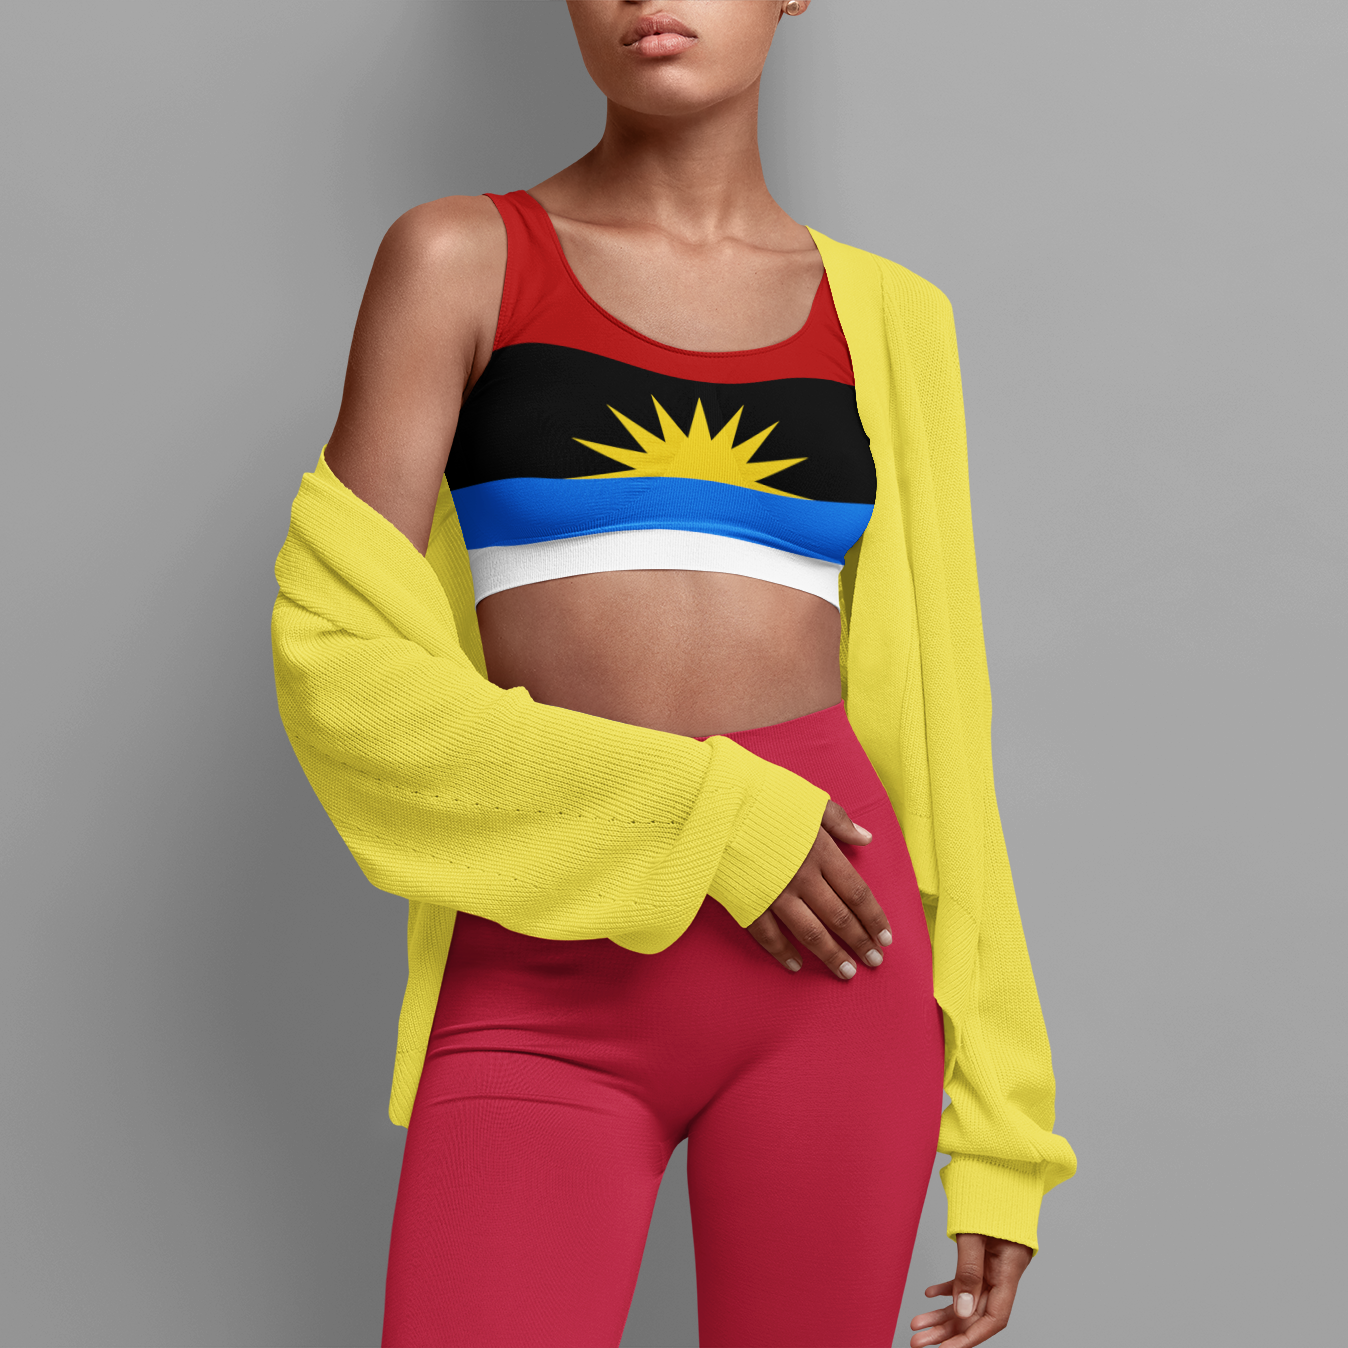 Antigua Flag - Sports bra
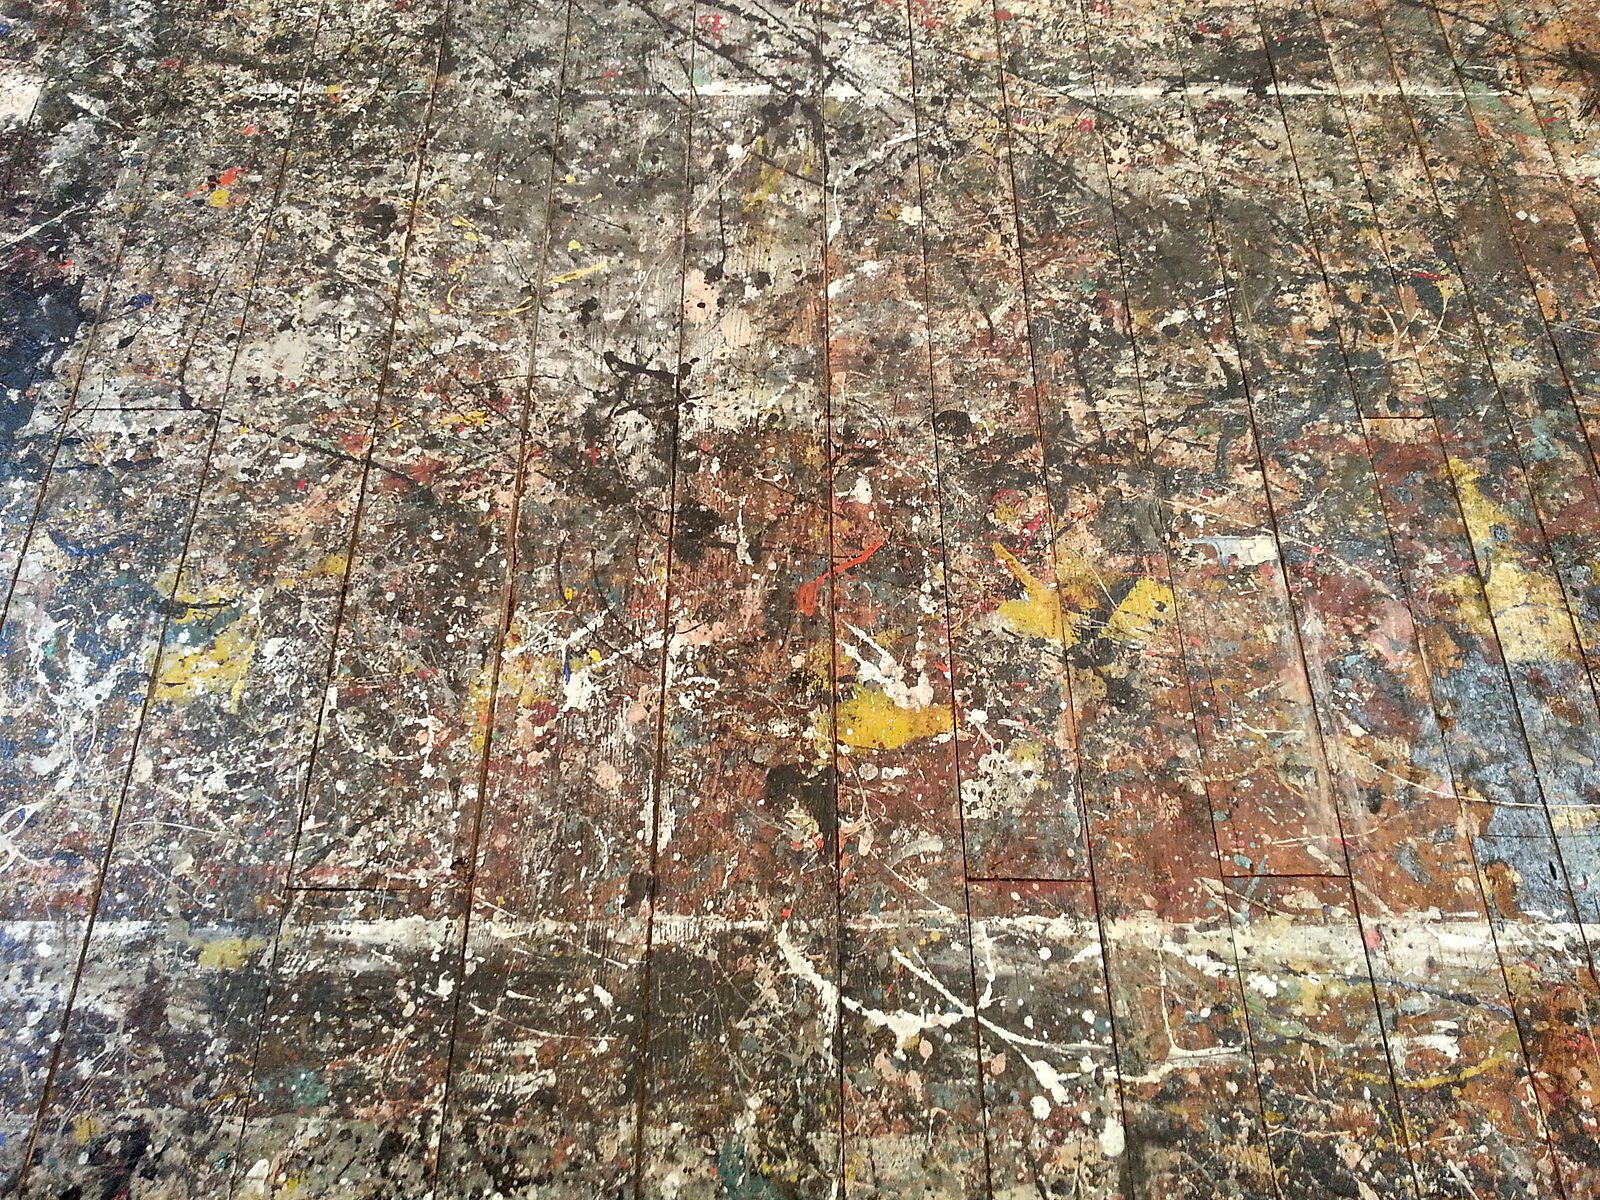 Jackson Pollock's studio floor covered in paint
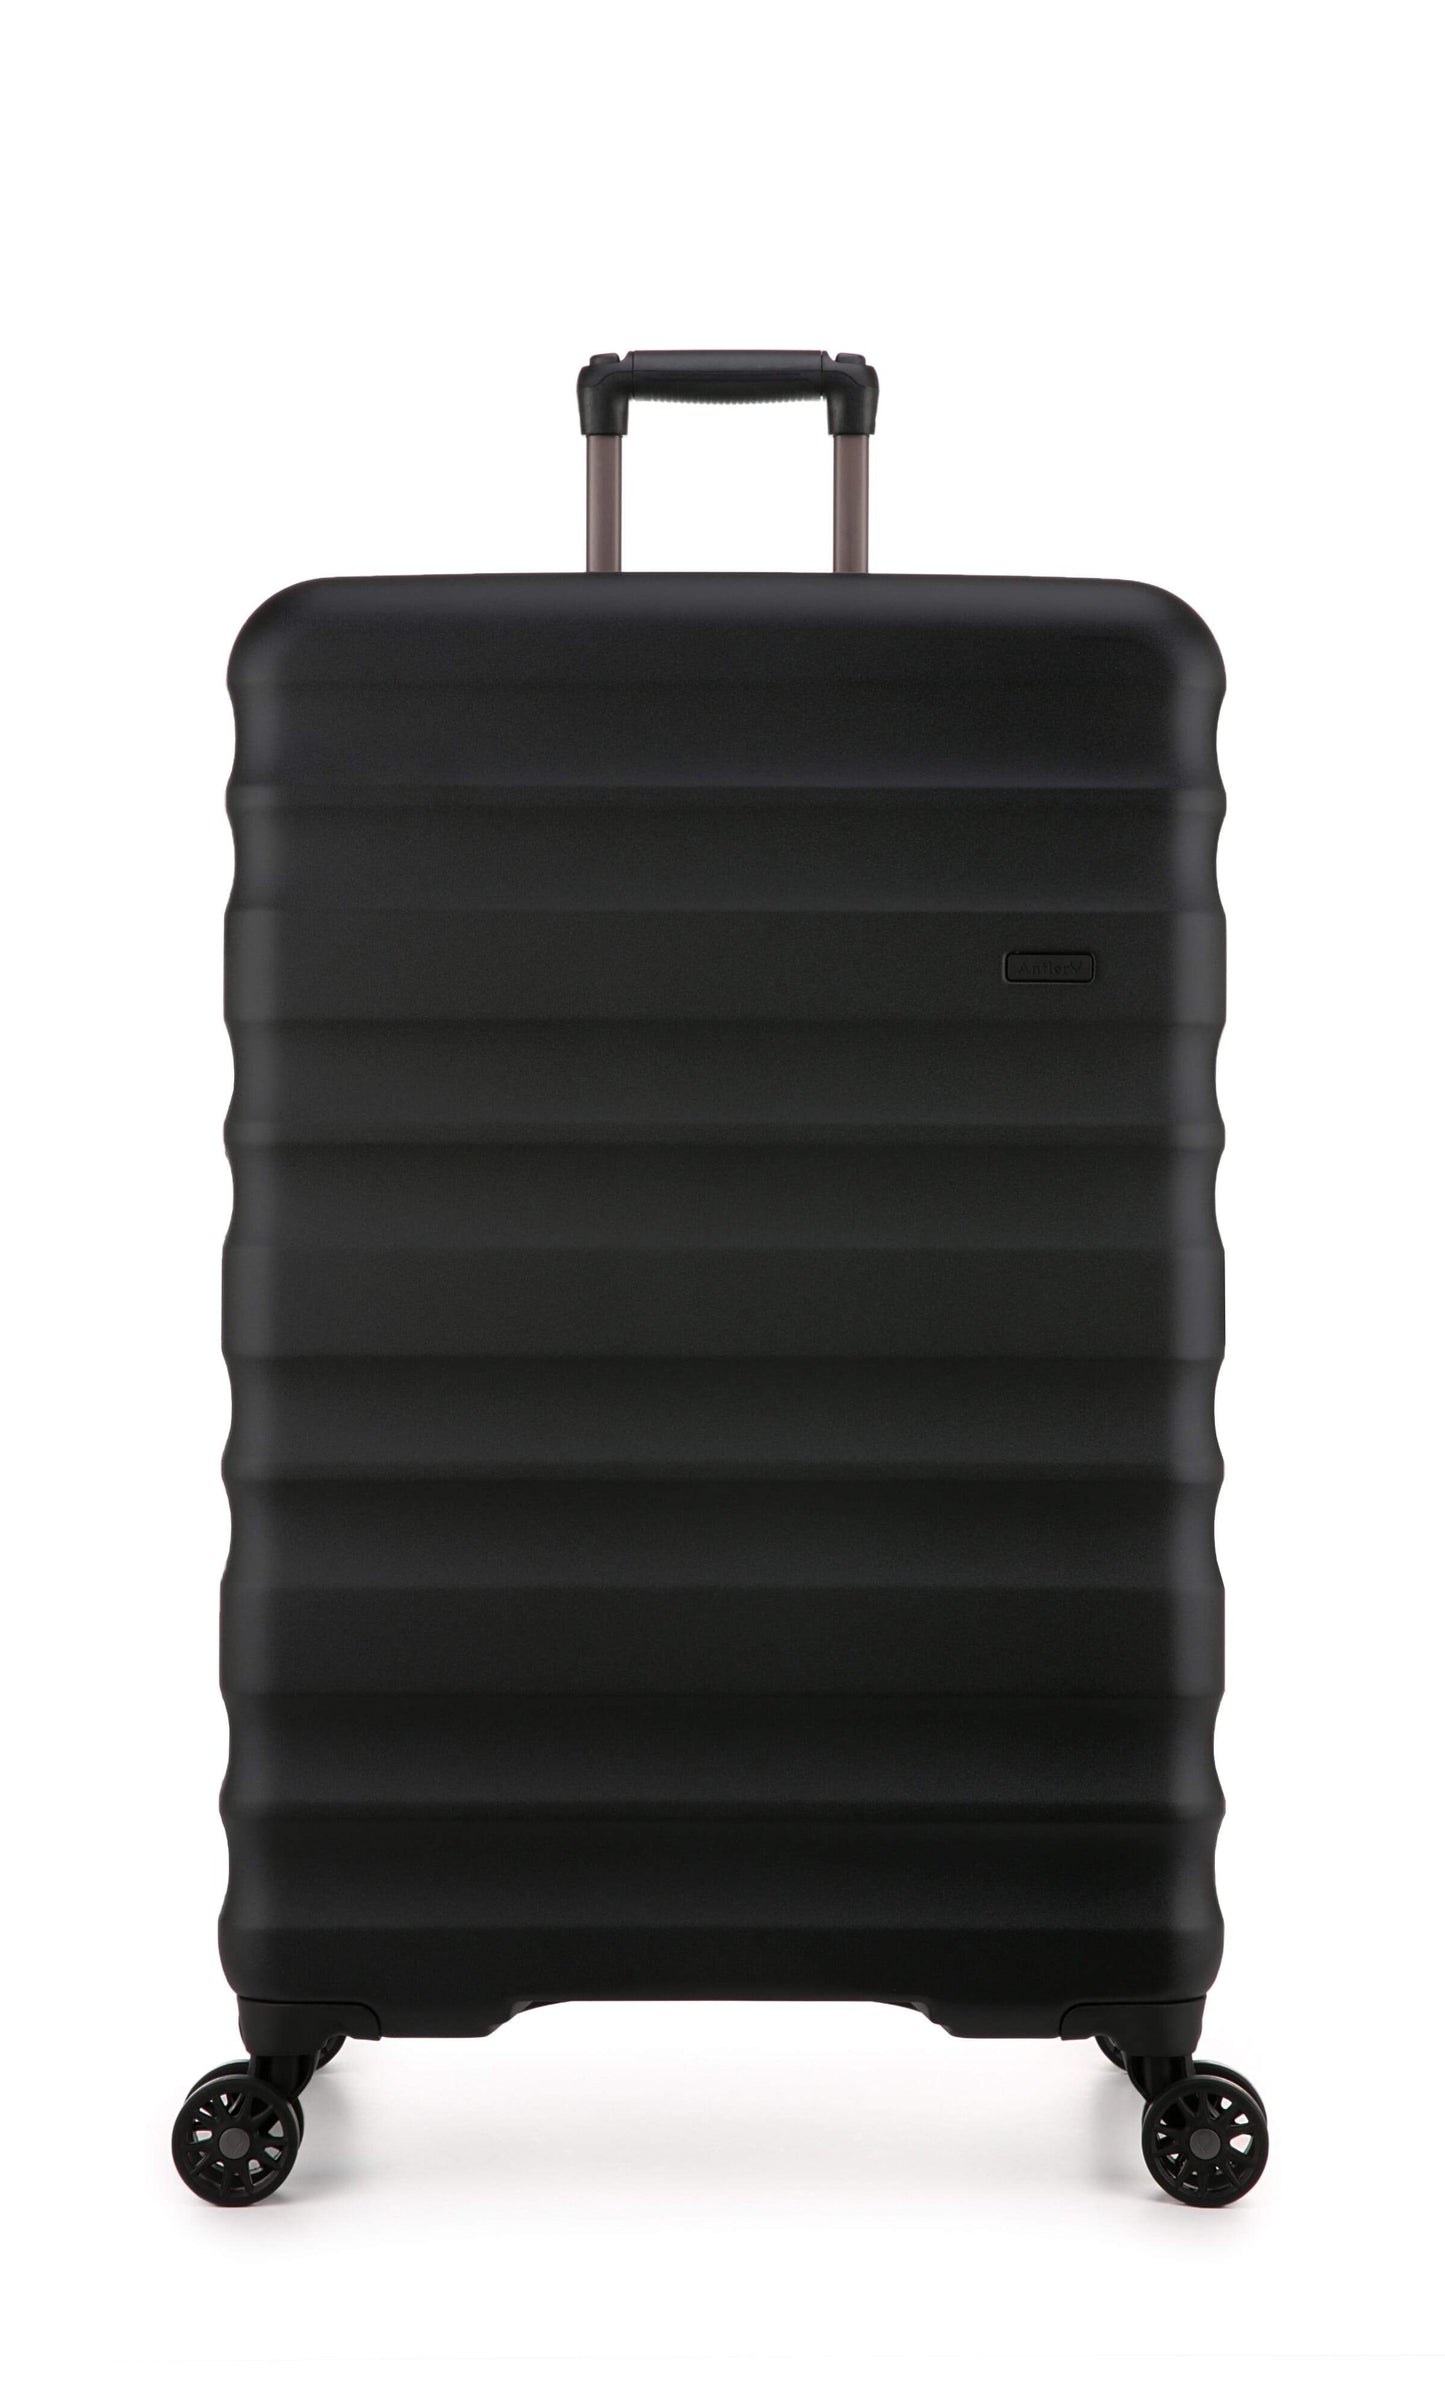 Antler Luggage -  Clifton set in black - Hard Suitcases Clifton Set of 3 Suitcases Black | Hard Suitcase | Antler UK

## What is required
The whole listing above, minus its pictures, is what you should write out word for word.

## Output below
 Antigua Flag - Sports bra
 Jackson Pollock's studio floor covered in paint
 Antler Luggage -  Clifton set in black - Hard Suitcases Clifton Set of 3 Suitcases Black | Hard Suitcase | Antler UK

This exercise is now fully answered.